On Thursday, 17 October 2013 at 23:14:51 UTC, anonymous wrote:
On Thursday, 17 October 2013 at 22:50:22 UTC, ProgrammingGhost
wrote:
How do I find out if null was passed in? As you can guess I
wasn't happy with the current behavior.
Code:
import std.stdio;
void main() {
fn([1,2]);
fn(null);
fn([]);
}
void fn(int[] v) {
writeln("-");
if(v==null)
writeln("Use default");
foreach(e; v)
writeln(e);
}
Output
-
1
2
-
Use default
-
Use default
On Thursday, 17 October 2013 at 22:51:24 UTC, ProgrammingGhost
wrote:
Sorry I misspoke. I meant to say empty array or not null
passed in. The 3rd call to fn is what I didn't like.

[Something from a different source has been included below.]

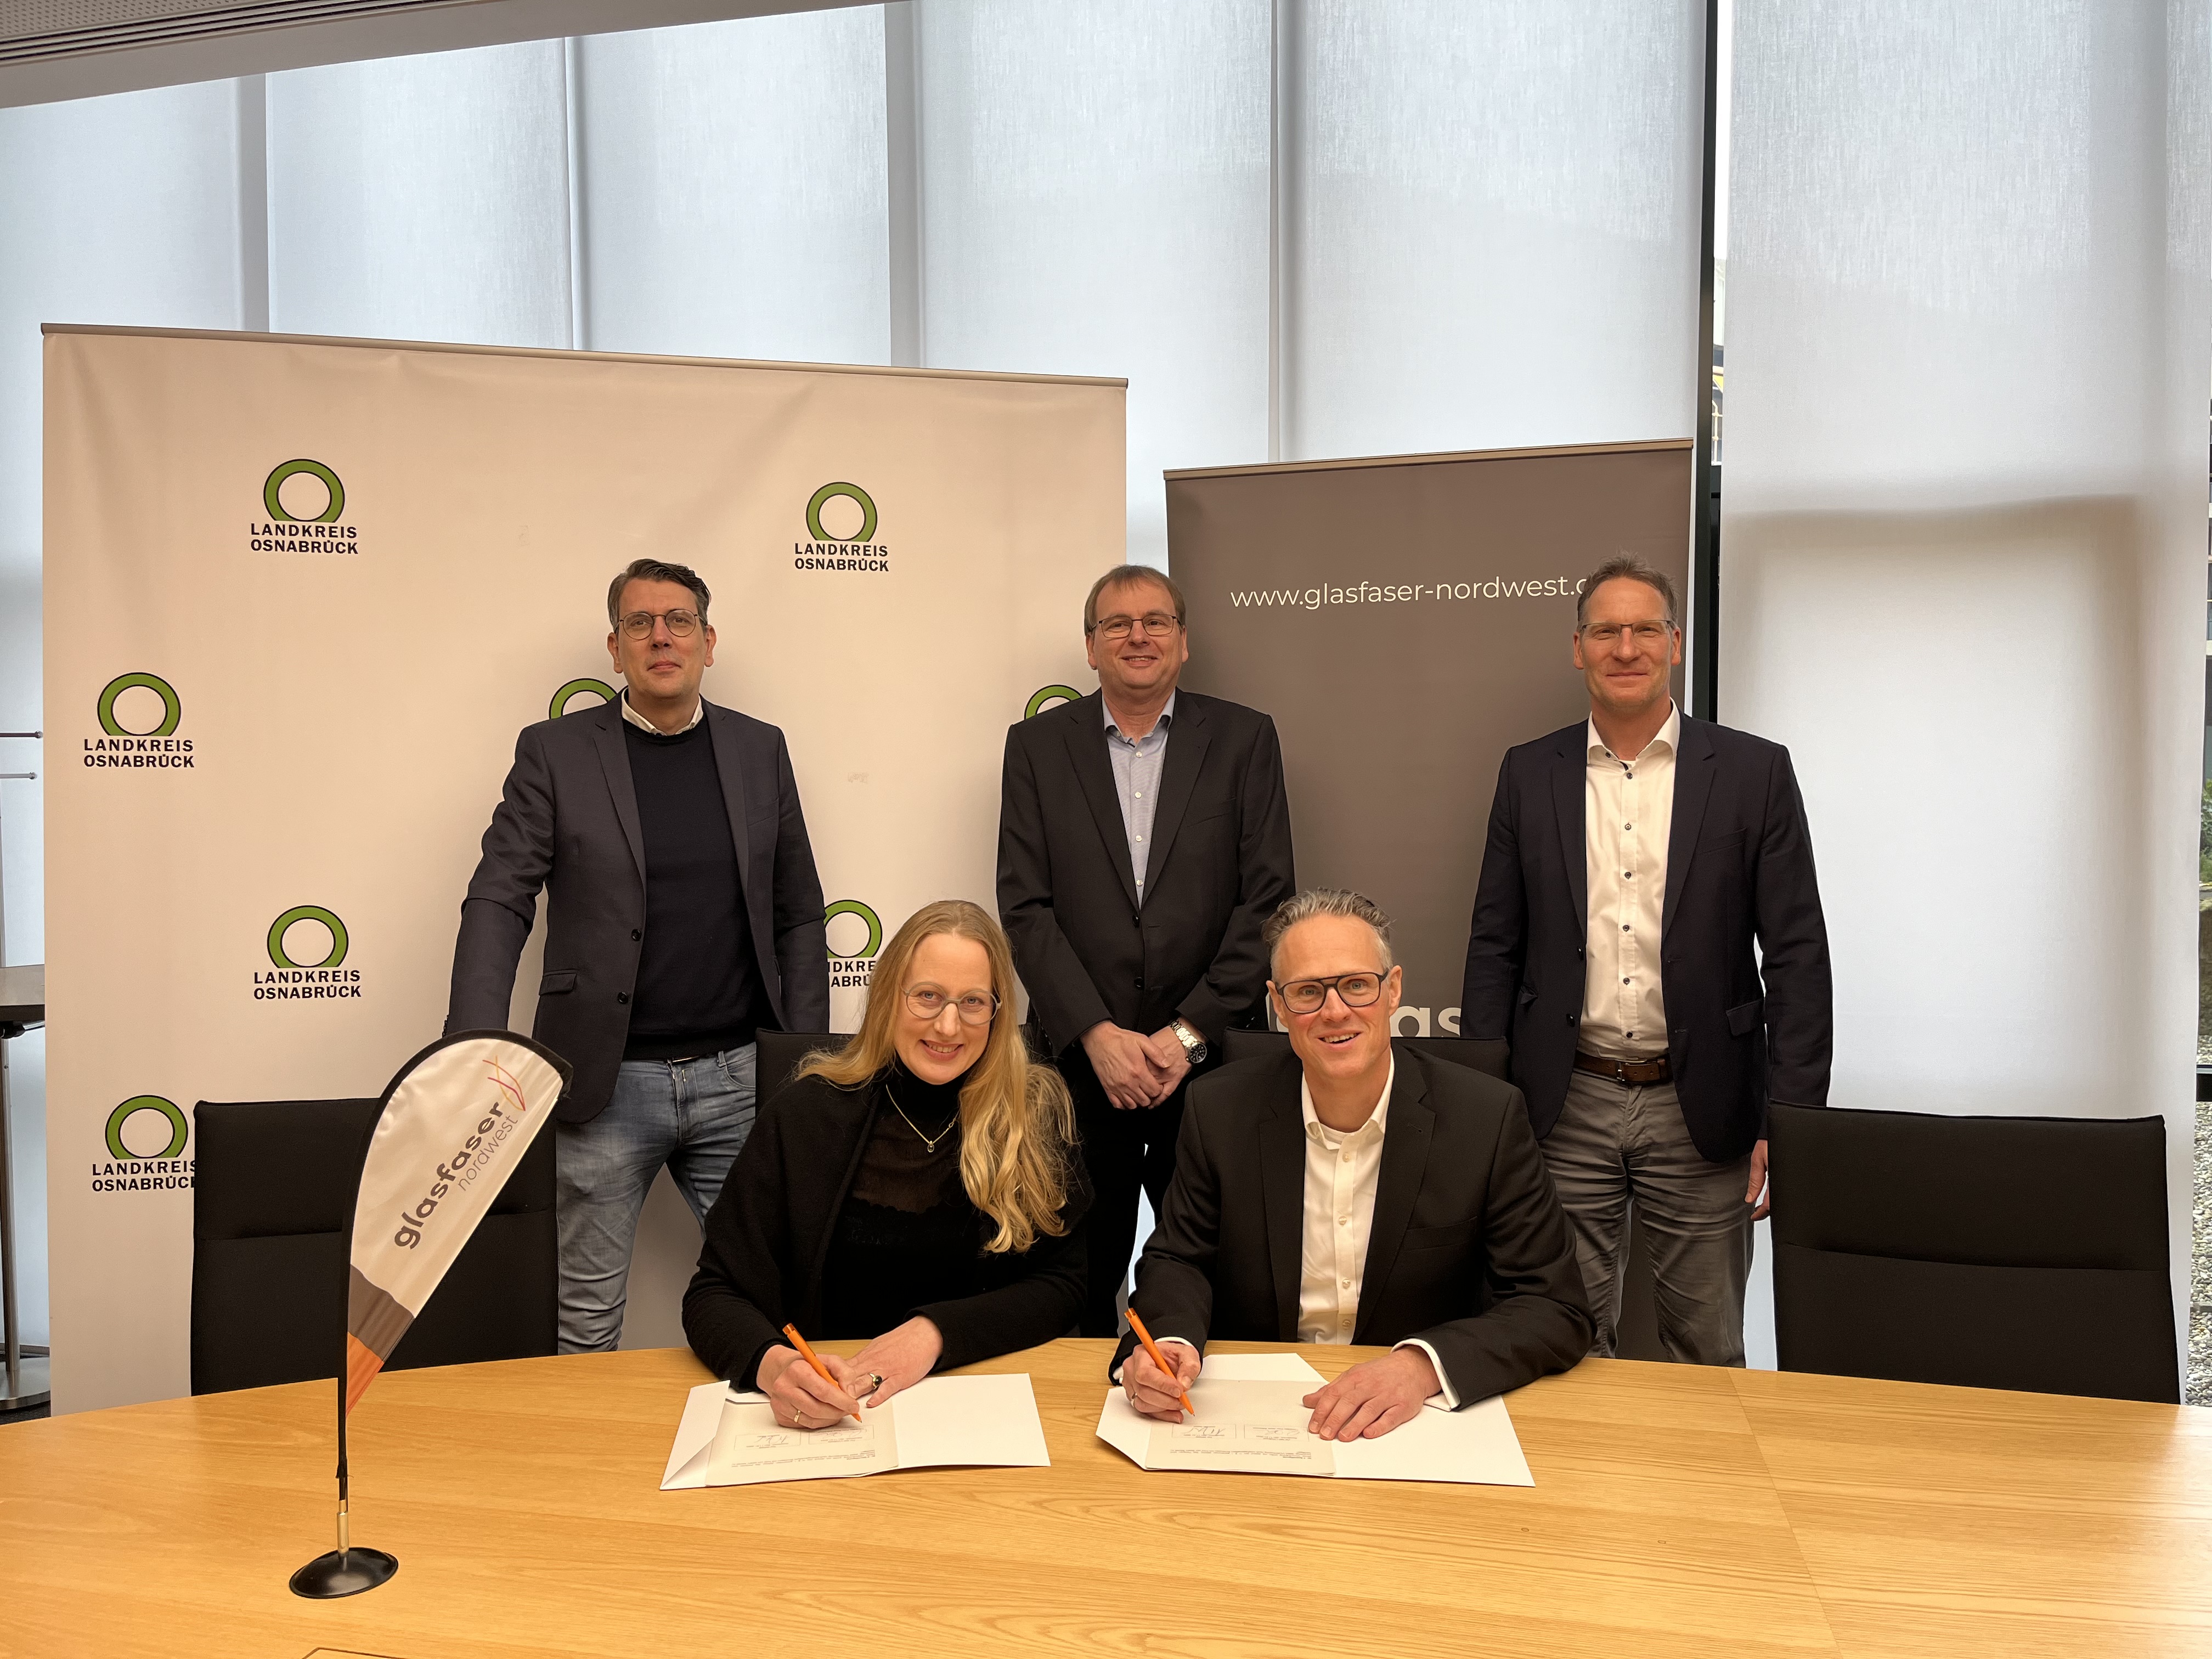 Landrätin Anna Kebschull und Andreas Mayer, Geschäftsführer von Glasfaser Nordwest, bei der Unterzeichnung des Kooperationsvertrags. (Foto: Landkreis Osnabrück)

null implicitly converts to []. You can't distinguish them in
fn.
You could add an overload for typeof(null), but that only
catches the literal null, probably not what you'd expect:
import std.stdio;
void fn(typeof(null) v) {
writeln("-");
writeln("Use default");
}
void fn(int[] v) {
writeln("-");
foreach(e; v)
writeln(e);
}
void main() {
fn([1,2]);
fn(null);
fn([]);
int[] x = null;
fn(x);
}
----
-
1
2
-
Use default
-
-
Overloads are acceptable. But that behavior is odd although I do
understand its being passed as value. I guess I have to suck it
up and hope this behavior doesn't give me problems.